→ **What the task requires**:
Only one stretch of the data below is wanted: the lines from the one with "A variety of" through the one with "Lisa Marie Presley", repeated exactly.

→ **Provided records**:
↓
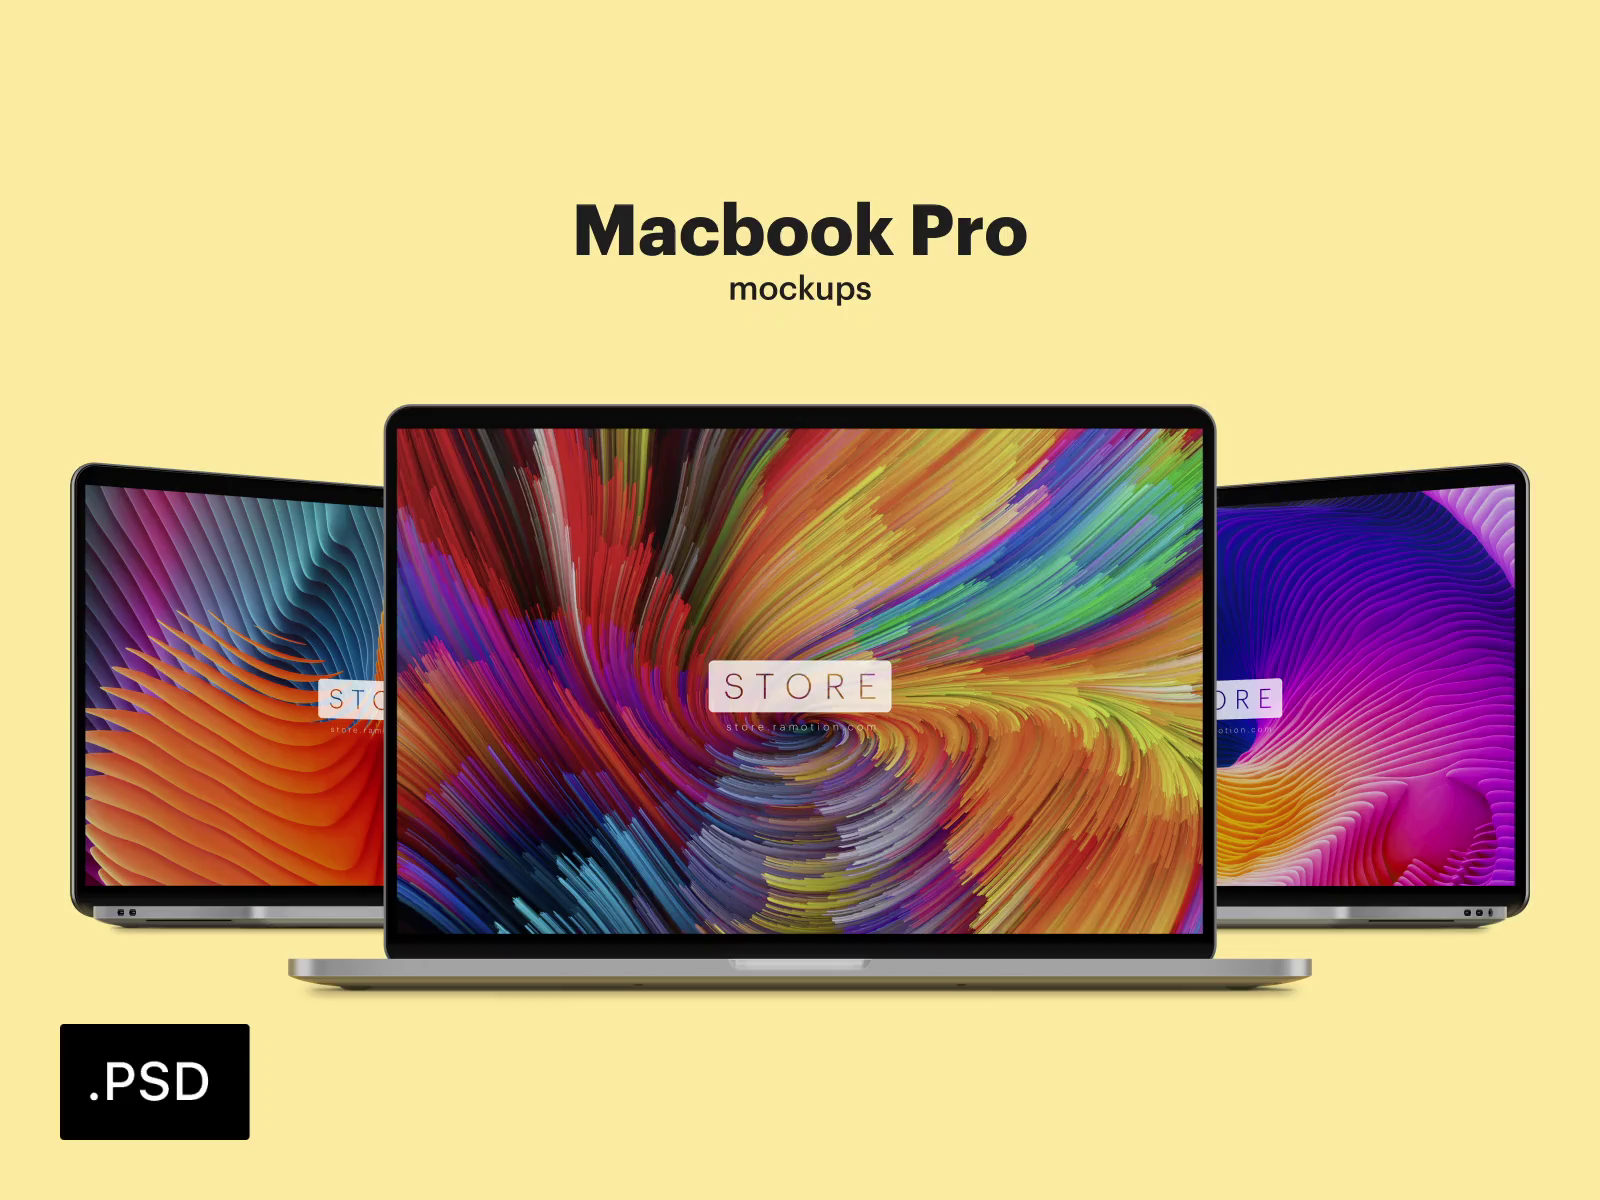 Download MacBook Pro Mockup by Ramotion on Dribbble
↑
↓
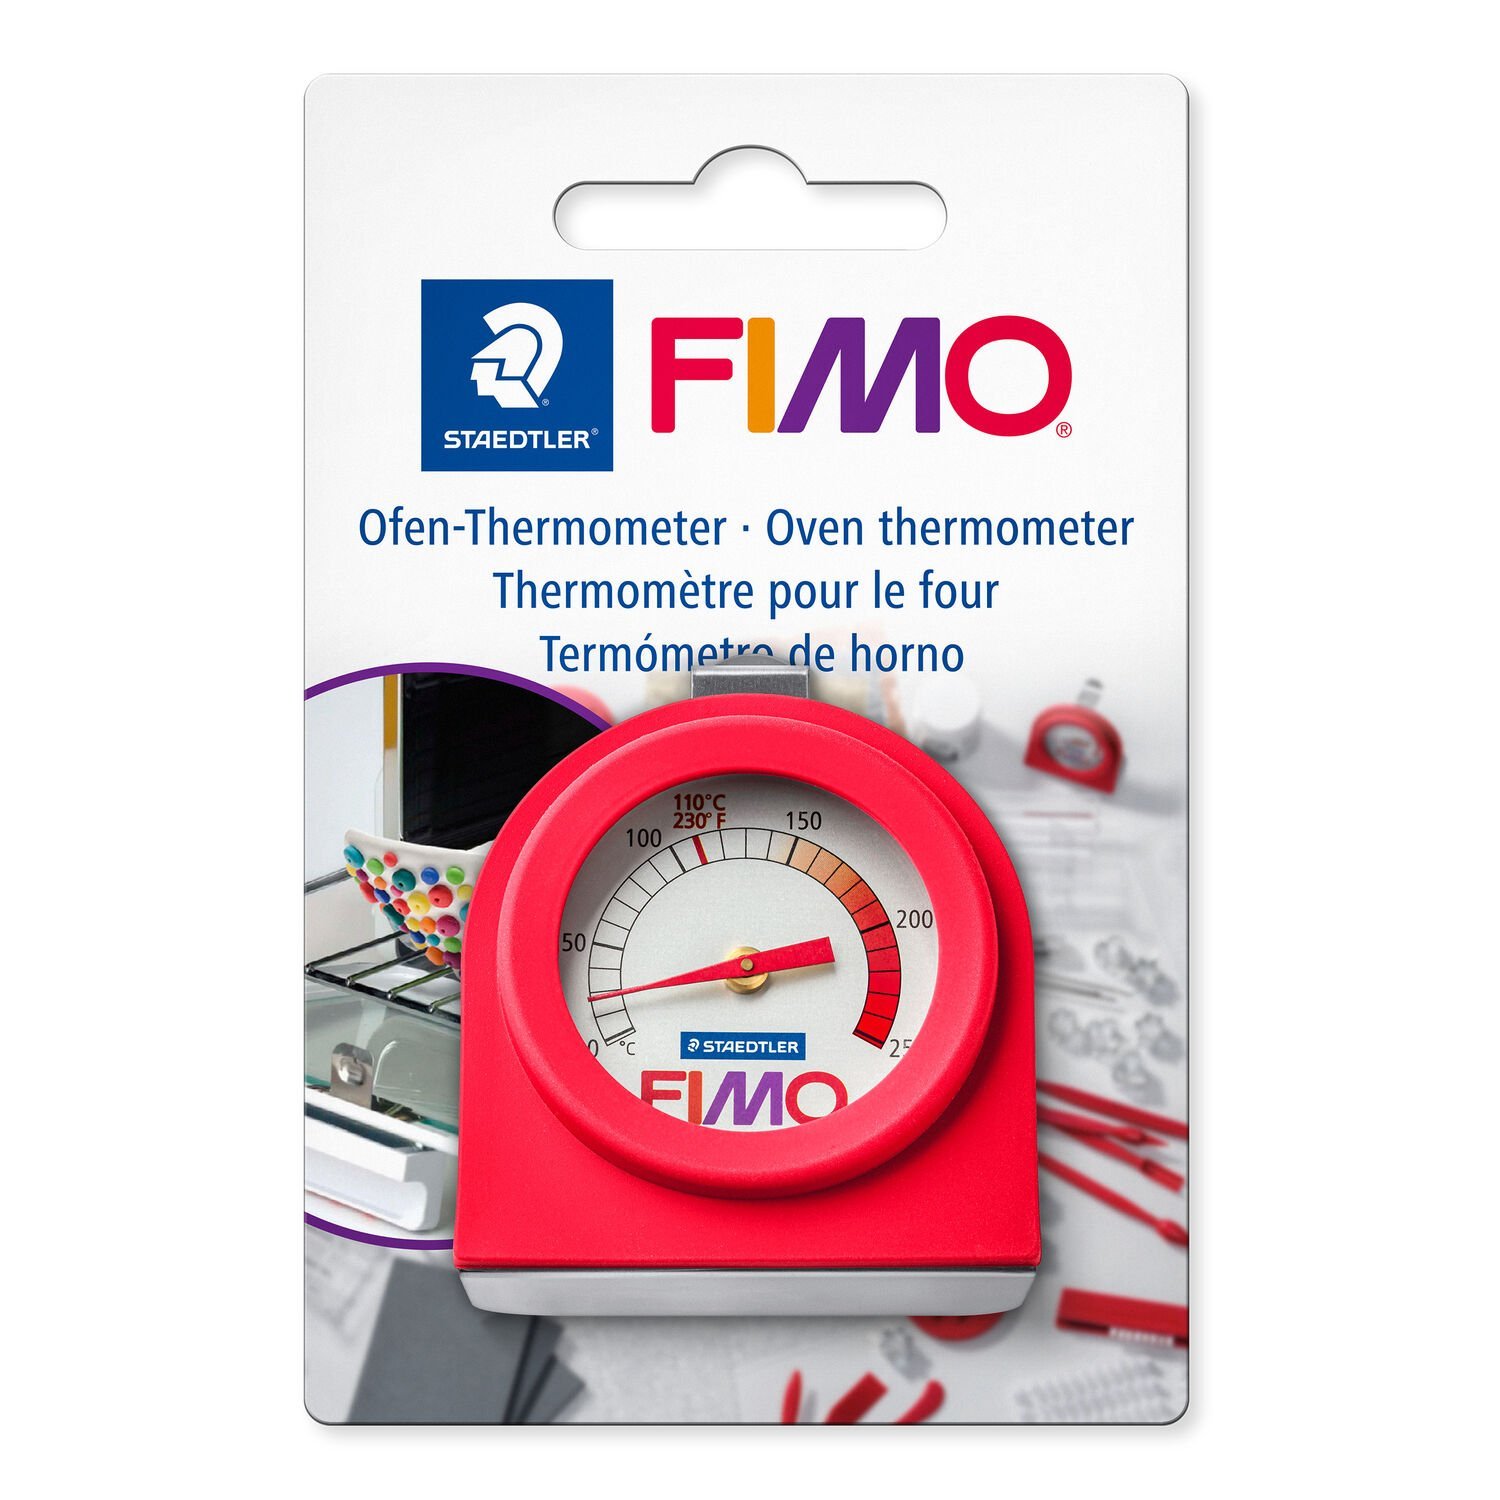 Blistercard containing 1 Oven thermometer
↑
↓
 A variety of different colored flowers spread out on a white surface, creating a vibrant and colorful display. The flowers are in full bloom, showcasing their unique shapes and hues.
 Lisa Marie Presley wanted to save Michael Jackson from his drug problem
↑
→ **Exercise response**:
 A variety of different colored flowers spread out on a white surface, creating a vibrant and colorful display. The flowers are in full bloom, showcasing their unique shapes and hues.
 Lisa Marie Presley wanted to save Michael Jackson from his drug problem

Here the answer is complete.